Gwinnett County and its cities are considering a new 1 percent energy excise tax on manufacturers to offset money lost from a tax break approved by the legislature earlier this year.
State lawmakers eliminated most sales taxes on energy used by manufacturers to make Georgia more appealing to prospective companies. The tax break will be phased in over four years beginning in 2013.
Advocates say the tax break will create manufacturing jobs. But it also will cost state and local governments millions of dollars in lost revenue at a time when budgets are already tight.
Lawmakers allowed local governments to offset the loss of the sales tax revenue by imposing a new energy excise tax on manufacturers. Local officials across the state now must decide whether to impose the new tax.
Cobb County officials already have decided against it. DeKalb and Fulton officials haven’t made a decision. Gwinnett officials must decide in the next few weeks whether to impose a new 1 percent energy excise tax beginning next year.
“(Gwinnett County is) crazy if they don’t,” Dacula Mayor Jimmy Wilbanks said after a briefing on the issue Tuesday. “And every city would be crazy not to join in.”
Manufacturers hope they won’t. Roy Bowen, president of the Georgia Association of Manufacturers, said counties that impose the new tax will be at a competitive disadvantage when it comes to attracting jobs.
“You might as well put out a sign that says, `business not welcome,’” Bowen said.
The tax break and offsetting tax increase would not affect most Gwinnett taxpayers, who will continue to pay a 6 percent sales tax – 4 percent to the state, 1 percent to local schools and 1 percent for road construction and other capital projects that is split among the county and its cities.
But under the new state law, Gwinnett manufacturers would see their sales tax on energy use fall from 6 percent to 1 percent. They would still pay the tax for local schools.
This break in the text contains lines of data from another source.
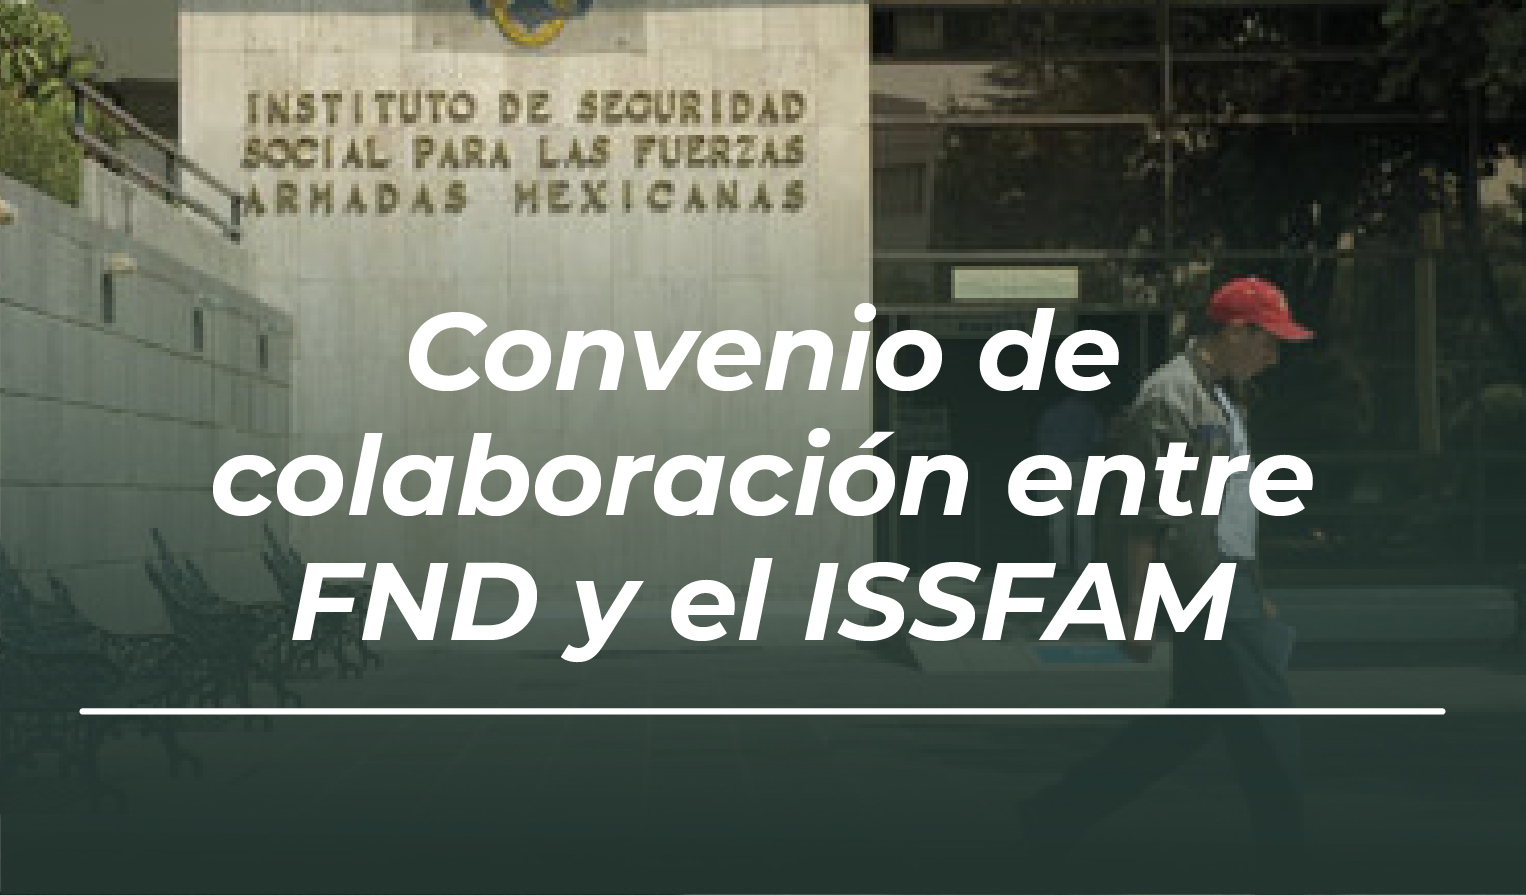 Convenio entre la FND y la SEDENA (ISSFAM)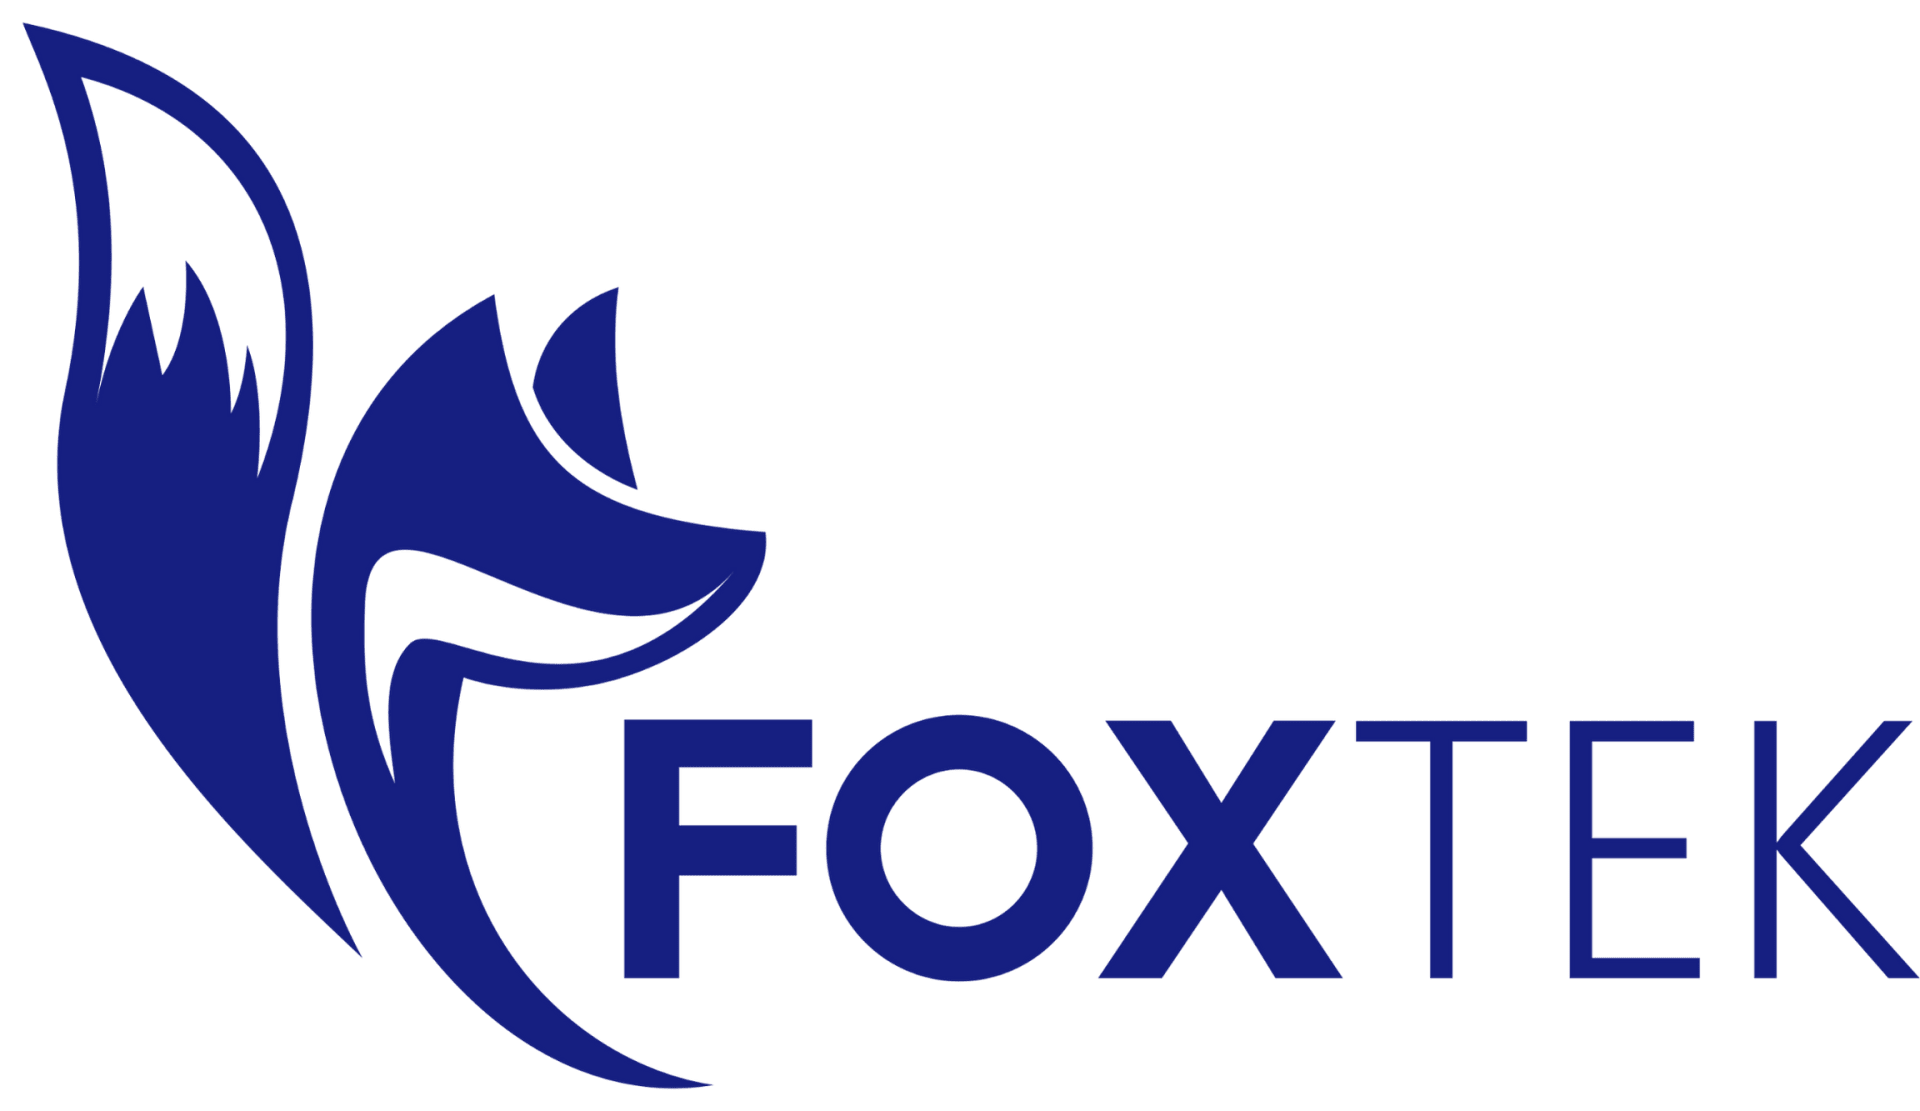 Foxtek logo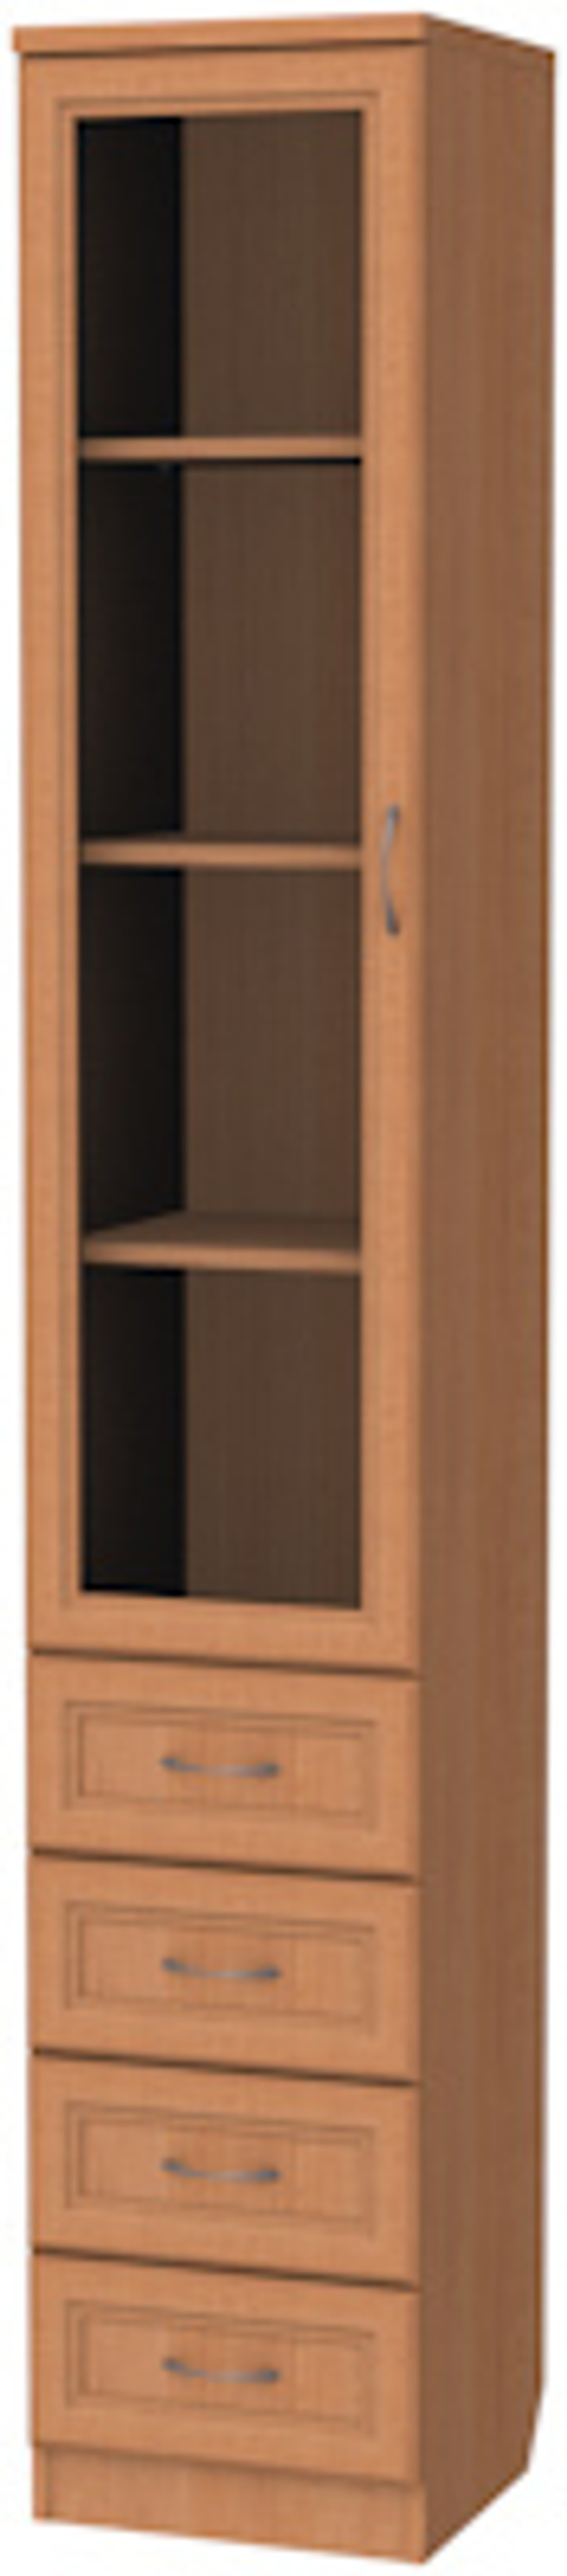 Шкаф для книг с ящиками узкий АРТ205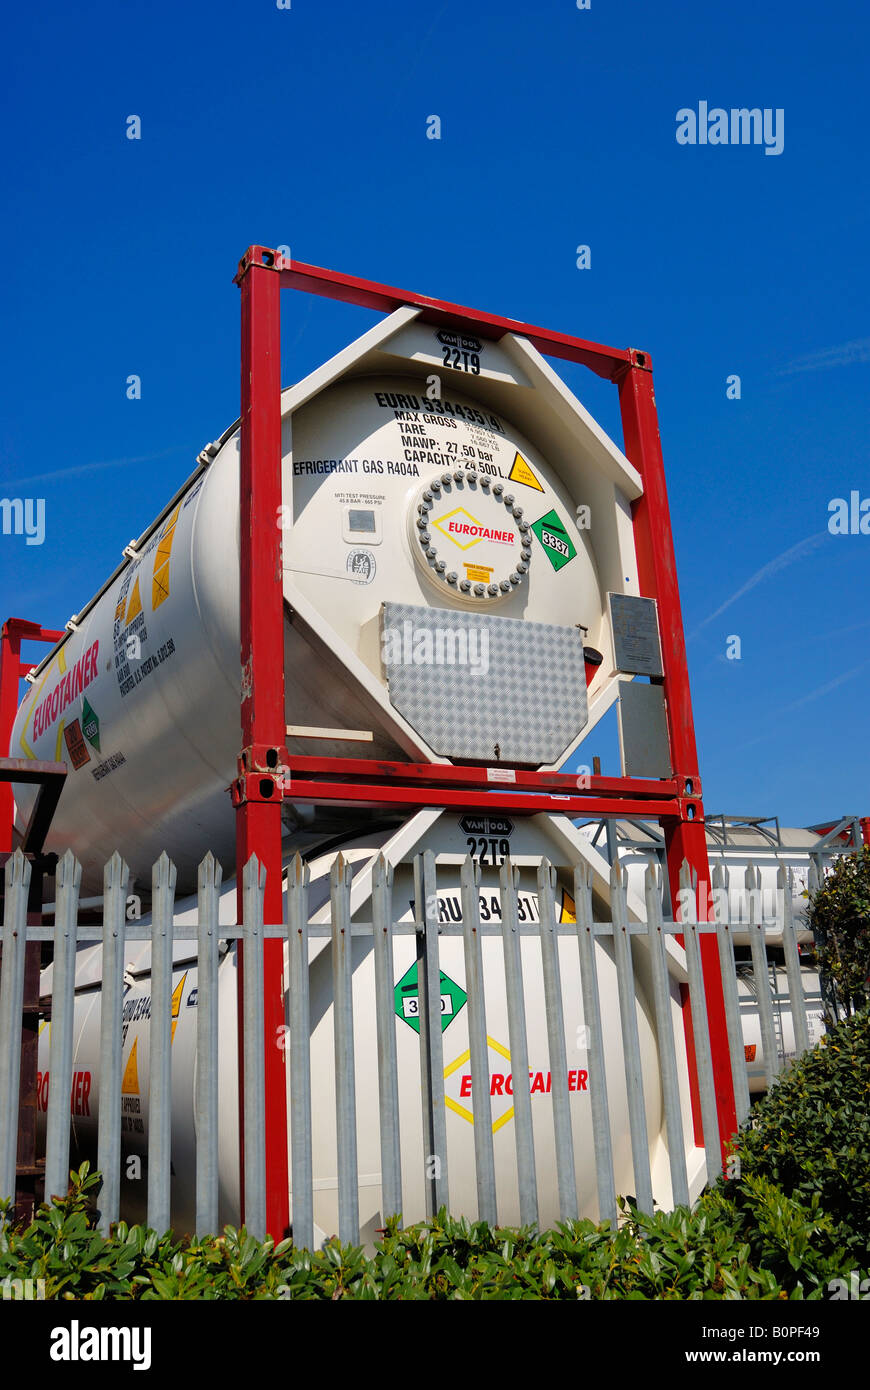 Eurotainer Gas Storage-Container für den Transport geschützt Stockfoto

Tax rates for manufacturers elsewhere in Georgia would depend on existing local sales tax rates in those jurisdictions.
The state Department of Audits and Accounts estimated the tax break would cost state government $18 million next year and $94.3 million in 2015. It did not estimate the cost to local governments collecting sales taxes.
Gwinnett County Commission Chairwoman Charlotte Nash said she doesn’t know how many county manufacturers would be affected and how much revenue local governments in Gwinnett would lose.
“Is it $2 million or $10 million?” she told local government officials at Tuesday’s briefing. “We could probably absorb $500,000. But $2 million starts sounding like real money.”
Lawmakers gave local governments the option of offsetting the tax break by imposing a new tax on energy used by manufacturers. Like the tax break, the new tax would be phased in over four years. Gwinnett County officials say it would replace revenue lost to the sales tax break and would not generate more revenue.
Even if local governments in Gwinnett impose the new tax, manufacturers would still see their tax rate on energy use fall from 6 percent to 2 percent. But Bowen predicted counties that impose the tax will have a harder time attracting jobs than those that don’t impose it. He thinks local governments should wait and see how much revenue they lose before imposing it.
“The risk is far greater than any potential revenue reward,” he said.